Rep: C18/ Red: Indira Rezkisari
Pita merah kuning simbol Hepatitis C,
Foto: fundraisingforcause
Pita merah kuning simbol Hepatitis C,

REPUBLIKA.CO.ID, Hepatitis menjadi musuh bersama yang harus segera dimusnahkan. Namun terbatasnya akses masyarakat terhadap obat-obatan yang dinilai ampuh untuk mengendalikan penyakit tersebut membuat penyakit ini sulit untuk dihentikan.

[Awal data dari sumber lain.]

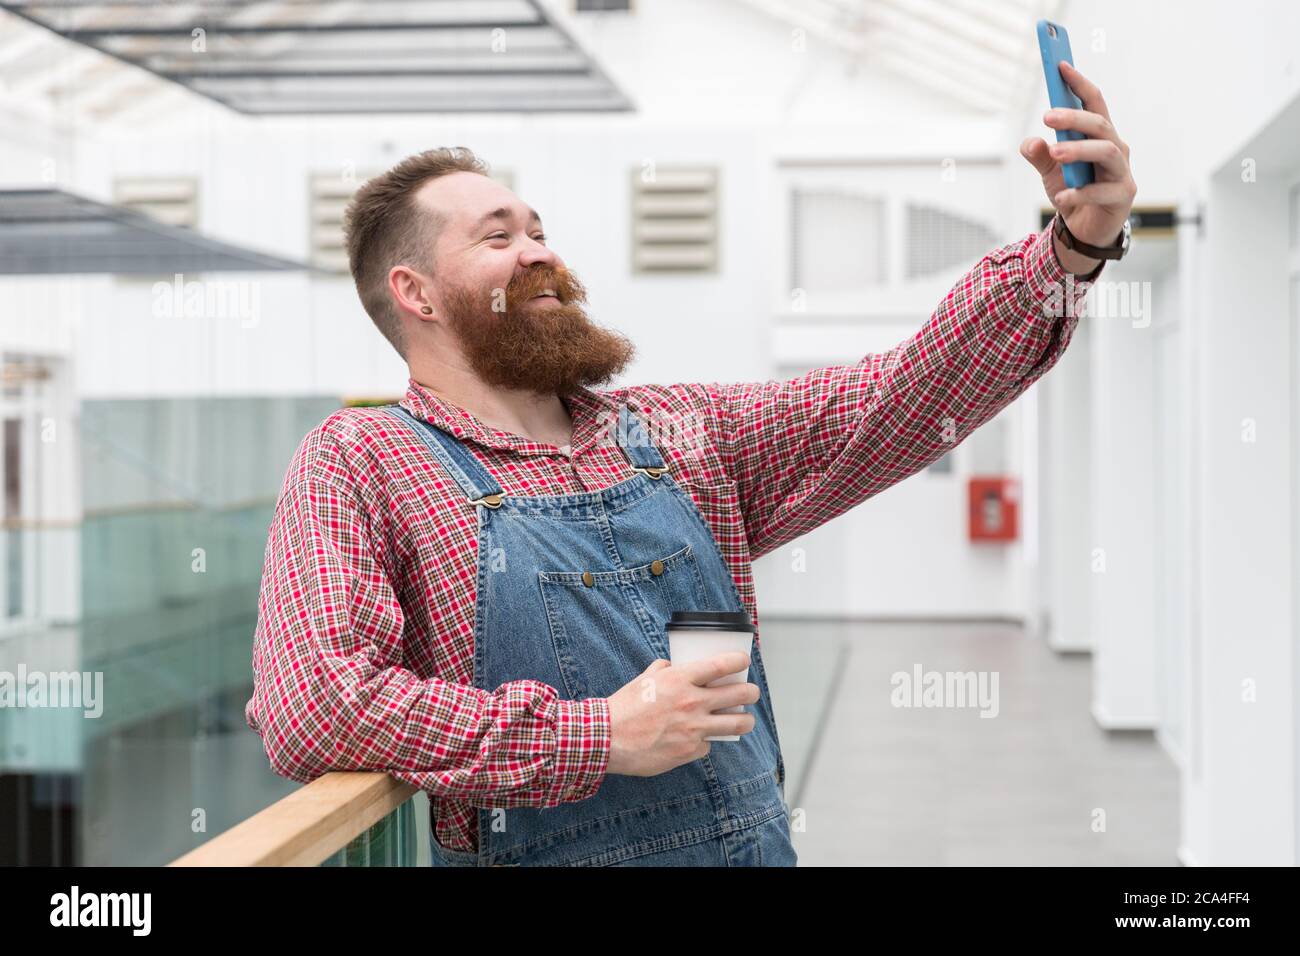 Smiling bearded barber worker in blue overalls, checked shirt, drinking coffee from a paper cup, talking on a video call or taking a selfie on smartph Stock Photo

"Ada obat namanya Sofosbuvir yang bisa 90 persen bahkan 100 persen ampuh untuk menyembuhkan penyakit itu bagi beberapa genotype," kata Advocacy and Policy Officer Indonesian AIDS Coalition (IAC) Sindi Putri, Selasa (18/8) di Jakarta.

Sindi mengatakan obat ini sangat dibutuhkan masyarakat menyusul tingginya efektivitas dan efek samping yang relatif lebih aman. Sayangnya, terang Sindi, tak semua masyarakat mampu mengakses obat tersebut lantaran harganya yang masih terlampau tinggi.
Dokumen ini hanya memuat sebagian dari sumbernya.